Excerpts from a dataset
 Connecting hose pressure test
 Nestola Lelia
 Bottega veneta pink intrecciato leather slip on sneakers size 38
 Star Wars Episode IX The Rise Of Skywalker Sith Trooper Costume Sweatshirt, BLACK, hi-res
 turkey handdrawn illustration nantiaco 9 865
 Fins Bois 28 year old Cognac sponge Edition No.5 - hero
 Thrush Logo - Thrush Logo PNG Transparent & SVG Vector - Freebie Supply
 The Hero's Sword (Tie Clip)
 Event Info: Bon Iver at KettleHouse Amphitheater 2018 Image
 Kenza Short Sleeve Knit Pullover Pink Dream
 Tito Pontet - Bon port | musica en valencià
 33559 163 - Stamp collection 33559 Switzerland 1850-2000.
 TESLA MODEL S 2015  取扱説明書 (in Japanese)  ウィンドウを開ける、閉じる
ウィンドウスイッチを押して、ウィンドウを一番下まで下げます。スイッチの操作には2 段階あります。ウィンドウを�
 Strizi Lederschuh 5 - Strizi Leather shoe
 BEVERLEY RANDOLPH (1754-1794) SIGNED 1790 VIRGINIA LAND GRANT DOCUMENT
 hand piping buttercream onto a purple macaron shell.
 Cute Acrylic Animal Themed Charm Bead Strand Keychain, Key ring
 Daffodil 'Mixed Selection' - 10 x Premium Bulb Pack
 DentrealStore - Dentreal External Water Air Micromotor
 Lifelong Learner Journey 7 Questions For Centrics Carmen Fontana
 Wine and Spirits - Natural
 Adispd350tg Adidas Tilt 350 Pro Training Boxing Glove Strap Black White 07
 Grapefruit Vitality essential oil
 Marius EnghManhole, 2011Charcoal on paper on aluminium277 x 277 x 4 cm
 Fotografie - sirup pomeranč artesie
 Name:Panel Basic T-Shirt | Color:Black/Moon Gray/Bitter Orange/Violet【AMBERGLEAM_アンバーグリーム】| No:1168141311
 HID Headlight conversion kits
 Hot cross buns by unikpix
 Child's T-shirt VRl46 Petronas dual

• [Activity] Extract the data in full. Keep it word for word.

• [Solution]
 Connecting hose pressure test
 Nestola Lelia
 Bottega veneta pink intrecciato leather slip on sneakers size 38
 Star Wars Episode IX The Rise Of Skywalker Sith Trooper Costume Sweatshirt, BLACK, hi-res
 turkey handdrawn illustration nantiaco 9 865
 Fins Bois 28 year old Cognac sponge Edition No.5 - hero
 Thrush Logo - Thrush Logo PNG Transparent & SVG Vector - Freebie Supply
 The Hero's Sword (Tie Clip)
 Event Info: Bon Iver at KettleHouse Amphitheater 2018 Image
 Kenza Short Sleeve Knit Pullover Pink Dream
 Tito Pontet - Bon port | musica en valencià
 33559 163 - Stamp collection 33559 Switzerland 1850-2000.
 TESLA MODEL S 2015  取扱説明書 (in Japanese)  ウィンドウを開ける、閉じる
ウィンドウスイッチを押して、ウィンドウを一番下まで下げます。スイッチの操作には2 段階あります。ウィンドウを�
 Strizi Lederschuh 5 - Strizi Leather shoe
 BEVERLEY RANDOLPH (1754-1794) SIGNED 1790 VIRGINIA LAND GRANT DOCUMENT
 hand piping buttercream onto a purple macaron shell.
 Cute Acrylic Animal Themed Charm Bead Strand Keychain, Key ring
 Daffodil 'Mixed Selection' - 10 x Premium Bulb Pack
 DentrealStore - Dentreal External Water Air Micromotor
 Lifelong Learner Journey 7 Questions For Centrics Carmen Fontana
 Wine and Spirits - Natural
 Adispd350tg Adidas Tilt 350 Pro Training Boxing Glove Strap Black White 07
 Grapefruit Vitality essential oil
 Marius EnghManhole, 2011Charcoal on paper on aluminium277 x 277 x 4 cm
 Fotografie - sirup pomeranč artesie
 Name:Panel Basic T-Shirt | Color:Black/Moon Gray/Bitter Orange/Violet【AMBERGLEAM_アンバーグリーム】| No:1168141311
 HID Headlight conversion kits
 Hot cross buns by unikpix
 Child's T-shirt VRl46 Petronas dual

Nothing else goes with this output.